In our system, most time and space consumption part is the count matrix and the next is the pairwise distance calculation. Let, a vector F with the dimension of (\(N \times P\)), where N is the number of sequences and P is the length of the 1D descriptor which is termed as \(D_s'\) in “Matrix shrinking and feature descriptor” section. Hence, the computational complexity of pairwise distance calculation is \(\frac{N(N-1)}{2} \times 3P\) [23]. Therefore, in our case, the computation highly depends on the value of P as N is very small compared to P. That is why we aim to reduce the size of P. In Table 12, we compare phylogenetic tree generation time using different shrink rates and without shrink for all datasets. For all cases, we generate a 2D \(k-mer\) count matrix based on the k value of the second column, then we calculate the required time using tic and toc time functions. In this table, we see that with the increase of \(S_r\) rate for all datasets the required time is decreasing. When we do not use any shrinking, then the algorithm consumes the most CPU time. It is also observed that if we increase the \(S_r\) rate, our method consumes less time. Therefore, we can say that number of features (P) in the matrix plays an important role in time consumption and obviously our proposed shrinking algorithm has a considerable impact on overall performance.

Table 9 DNA Similarity identification accuracy comparison for 18 Eutherian mammals mitochondrial DNA dataset
Table 10 Step-wise time complexity calculation for our proposed method
Table 11 Time complexity and memory space consumption comparison with existing works
Table 12 Impact analysis of proposed shrinking algorithm in terms of time complexity

Conclusion

In this research, we develop a method for sequence similarity measurement of any sequence dataset that dynamically selects k for \(k-mer\) and effectively generates a 2D \(k-mer\) count matrix with appropriate shrinking and then applies the best combinations of PD and phylogenetic tree generation method. After comprehensive experiments, we can conclude that our dynamic k for \(k-mer\) selection algorithm is very essential to achieving the best result. After rigorous experiments on benchmark datasets, comparison with existing studies, phylogenetic analysis and RF distances from reference trees, we can conclude that our 2D \(k-mer\) count matrix generation is very much faster, accurate, effective and robust for DNA sequence analysis. Our matrix shrinking, effective position calculation, and optimal combination of PD and phylogenetic tree generation method selection achieve the best performance in terms of time and space. Hence, we can conclude that for sequence similarity analysis our method is novel, robust, faster and accurate. Therefore, we can use it with a good level of reliability.
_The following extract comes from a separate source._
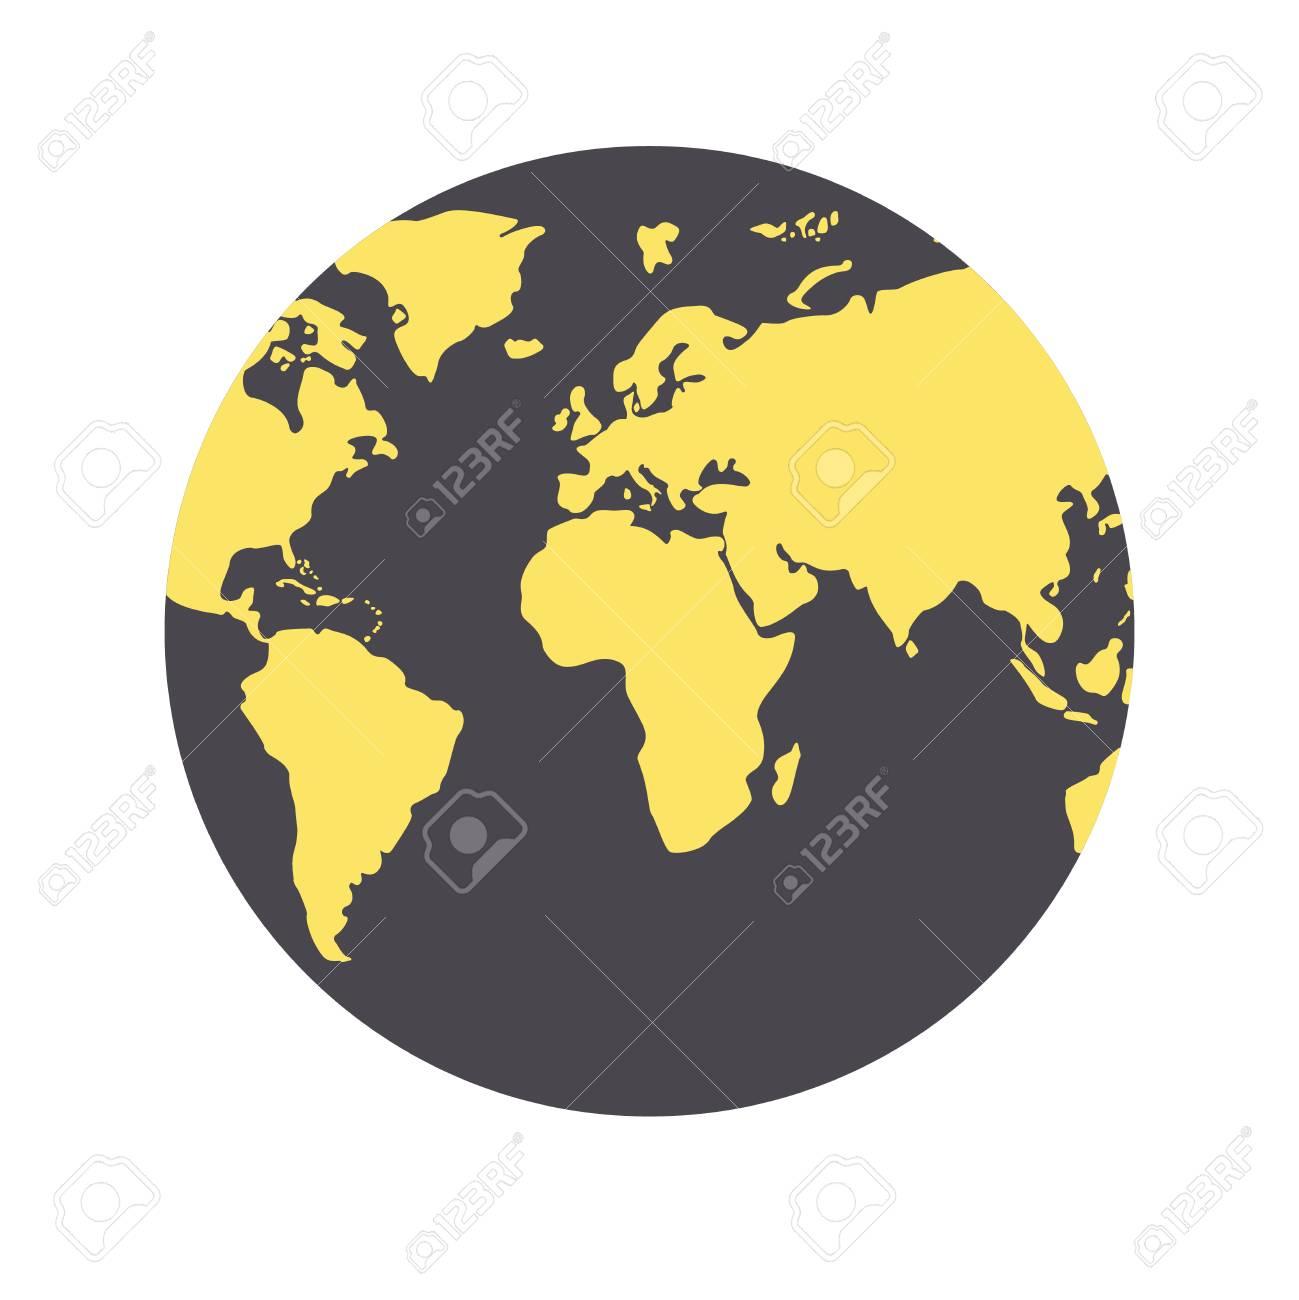 vector world map globe made of circle shapes black and yellow

The contributions of our method are as follows:

  • We achieve a top rank score in two benchmark datasets (Fish and Yersinia) among two hundred methods.

  • We achieve 100% accuracy for two other datasets (18 Eutherian, 16 s Ribosomal) which are clearly better than other existing methods.
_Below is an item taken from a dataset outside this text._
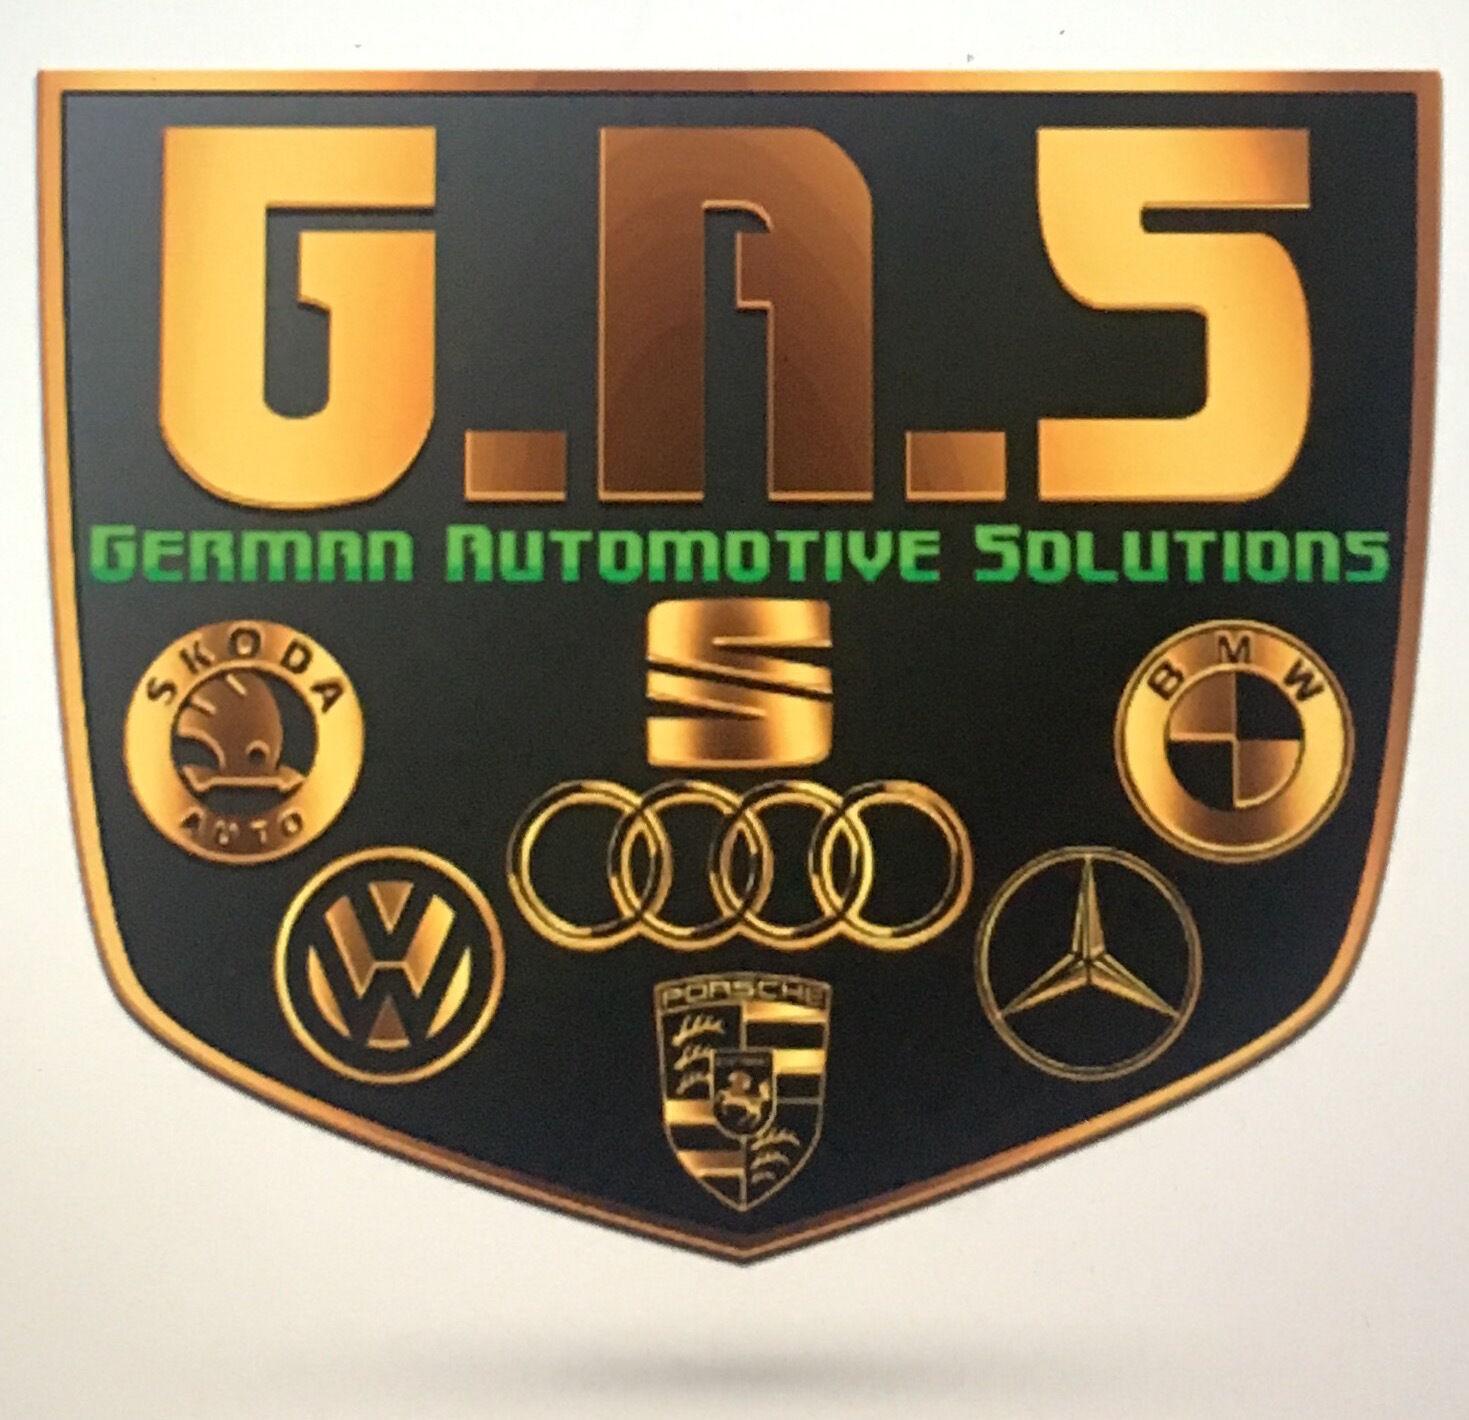 G.A.S German Automotive Solutions

  • Our proposed method is faster than existing AF-based methods as well as AB algorithms.

  • Proposed system consumes several times less memory than existing methods.

  • Our method dynamically choose the value of k to generate 2D \(k-mer\) matrix using Algorithm 1.

  • It takes less time to generate 2D kmer matrix in comparison to others because of our Algorithms 2 and  3.

  • Our smart system automatically shrinks the size of feature vector using Algorithm 4 resulting in higher accuracy and minimizing time complexity.

However, our method achieves extraordinary performance for six datasets. In the future, researchers can use more benchmark datasets including COVID 19 and others. Moreover, time and space consumption rates are still a major concern. Finally, researchers can investigate deep learning-based text processing techniques and rough set algorithms for improved performance.